One day, a real stinker lands on your desk. A lawyer has sent you a letter threatening a lawsuit in a week if you do not take immediate action. What do you do?
Well, of course you should call a lawyer - and we are not just saying that because we are lawyers. You have some critical decisions to make, and you need to get good information about where you stand.
Blowing it off would be terrible. Firing back a taunting reply would be even worse.
A good lawyer can size up your legal situation, figure out your defenses and how much it will cost to defend. Then you can decide whether it's better for you to make an offer, or fight it out in court.
Even if you decide to take the case to court, you may want to have your lawyer respond to the threat letter anyway. There are some strong reasons for doing this.
At the least, a smart, well-crafted reply can signal to the lawyer that he or she can expect some formidable opposition. But a good reply letter can also point out flaws in the case that could send the lawyer back for a rethink. Or, even better, stop the lawsuit in its tracks.
This year, we fired off a threat letter to a company. The letter we got back was the worst of all worlds. It was full of errors in grammar and the law, and the tone was taunting and bullying. The letter told us that the company had hired a bad lawyer we could run circles around. We couldn't wait to take the case to court.
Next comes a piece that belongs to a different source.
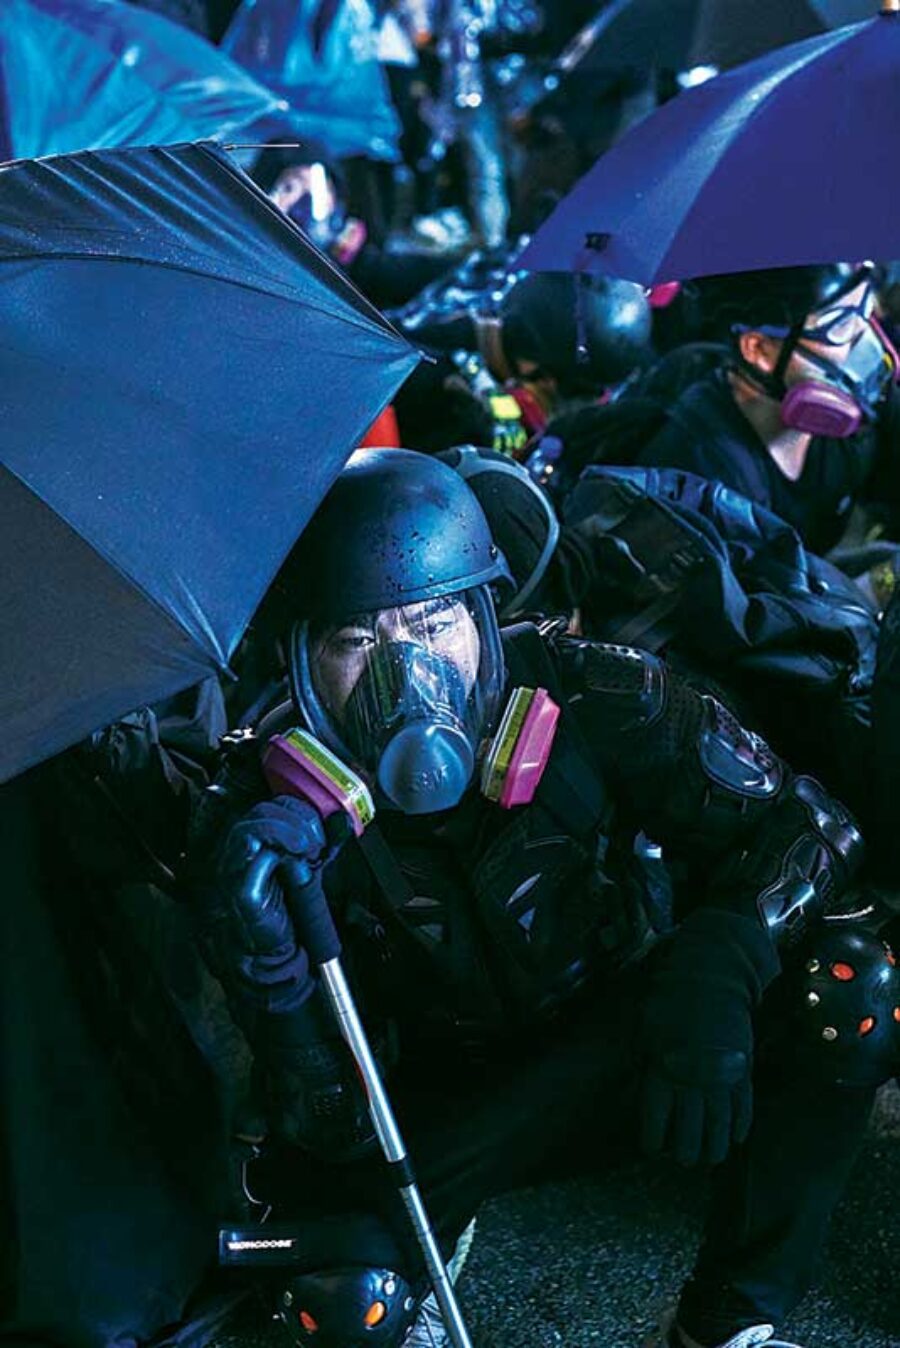 Frontline protesters in Causeway Bay, Hong Kong, August 31, 2019 © An Rong Xu/ Redux.

On the flipside, a long-time client of ours got a threat letter this year that caused the client great angst. After looking at it closely, we determined that there was no serious case, and the lawyer was just trying to squeeze some money. Based on that, the client decided the best move was to tell the lawyer to get lost.
Here is how we replied, with identification removed:
Apparently, someone without any knowledge of the law is using your good name to send silly threat letters to [our client]. For a number of reasons, I know you could not possibly be the author of the attached letter:
- Just last week, you talked to the actual [owner of the company]. A lawyer of your caliper would not then have addressed a letter to [someone] who has not worked at [the company] for a long time.
- A lawyer such as yourself, who has worked extensively with health records, knows to a certainty that there is no private right of action for any HIPAA violation, nor can a third party violate that law.
Given a real lawyer's responsibility under Rule 4.1 of [the state's] Rules of Professional Conduct not to make a false statement of law, a lawyer of your ability would never accuse [the company] of violating something the letter mistakenly calls "HIPPA," particularly without stating how such a violation could possibly have occurred when [the company] is not a medical professional in a confidential relationship with anyone [you mention]....
- A lawyer like you would be aware of [the state's] Anti-SLAPP Law, which, given that these are all statements made in a public forum about an issue of public interest, would give [the client] immediate relief and allow for attorney's fees and expenses. That seems like too high a risk for a real lawyer to take.
So if you know the author of the letter, I encourage you to urge the writer to get good counsel, but to otherwise leave [the client] alone. Unless they really do feel like filing a lawsuit, in which case, I will talk to them in court, but not one second before.
Cornell Dolan, P.C."
The lawyer went away and never sued as he'd threatened.